Another example of the flexibility of truly modular conveyors is the ability to move them easily from one plant location to another. Some plants use the same modular conveyor for both production and packaging.
All the right stuff
The ultimate “trade secret” behind conveyor systems — achieving maximum uptime — requires the ability to service or repair them very quickly. If a forklift wipes out a chunk of a metal fixed conveyor, the system could be out of commission for a week or more. With an inventory of spare units and replacement parts, repairs can then be made to modular systems within hours.
The DynaCon line offers a “radius turn” module that can save manufacturers substantial costs while simplifying operations. Featuring flexible, ribbed sides that allow users to make turns of up to 180 degrees, the radius turn module can eliminate the need for secondary fixed conveyors. Using the radius turn, you can get your products to a destination using a single conveyor with a single motor where two fixed conveyors with two motors had been required before.
Standard conveyor system modules include drive flights, side guards, retaining walls, legs and connectors. A variety of primary accessories, such as box fillers, cooling tunnels, separators and water bath tanks for cooling products are carried by the conveyor system. DynaCon also offers a radius turn conveyor that can flow on an incline or decline.

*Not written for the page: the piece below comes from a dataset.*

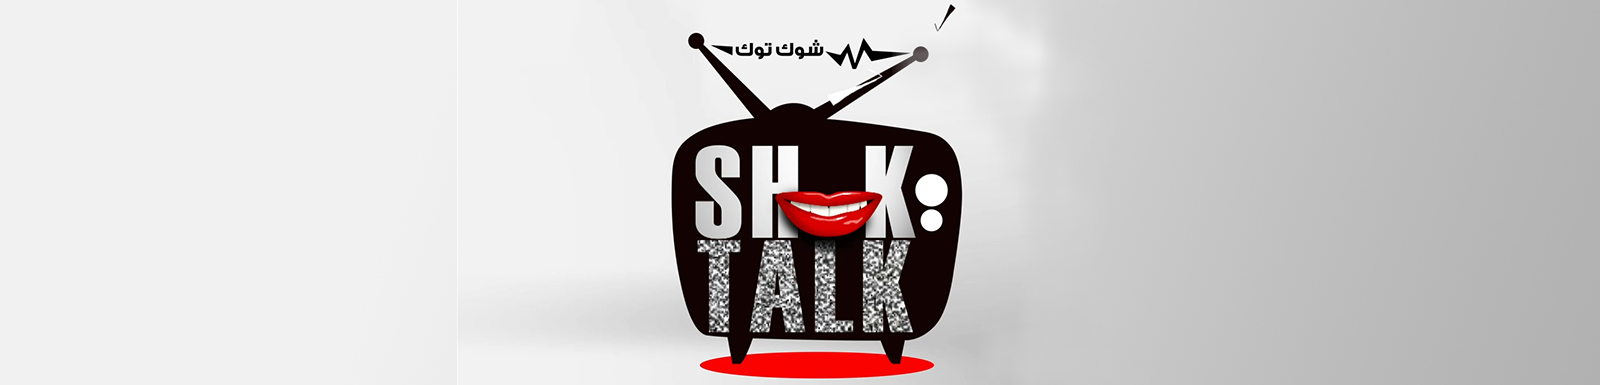 تحميل برنامج شوك توك الحلقة 36 كاملة MBC shahid شاهد نت

Modular conveyor belts are available in a variety of materials and configurations, making repair a simple matter. Most customers keep a supply of belt sections on-hand for incidental repairs. The DynaCon system includes a wide range of belting options, including a variety of flat-top and perforated, grid, friction and radius-turn designs. Standard belting material is an impact-grade polypropylene. Optional belting materials include acetal, polyethelyne and nylon (for specific belt styles), or a choice of other materials. Belts are available in widths from 4 to 60 inches. Drive flights may be installed at any location along the belt, and are available in 1, 2 and 3 inch heights, in widths to fit belt widths.
A number of DynaCon system accessories are available: a feed shield to prevent parts from deflecting off the conveyor, exit chute, and drop-zone reinforcement module. Available electrical accessories include box filling via counting machine cycles, metal detection, electronic eye for parts counting and placement, as well as electrical controls for indexing, reversing and cutting conveyor power.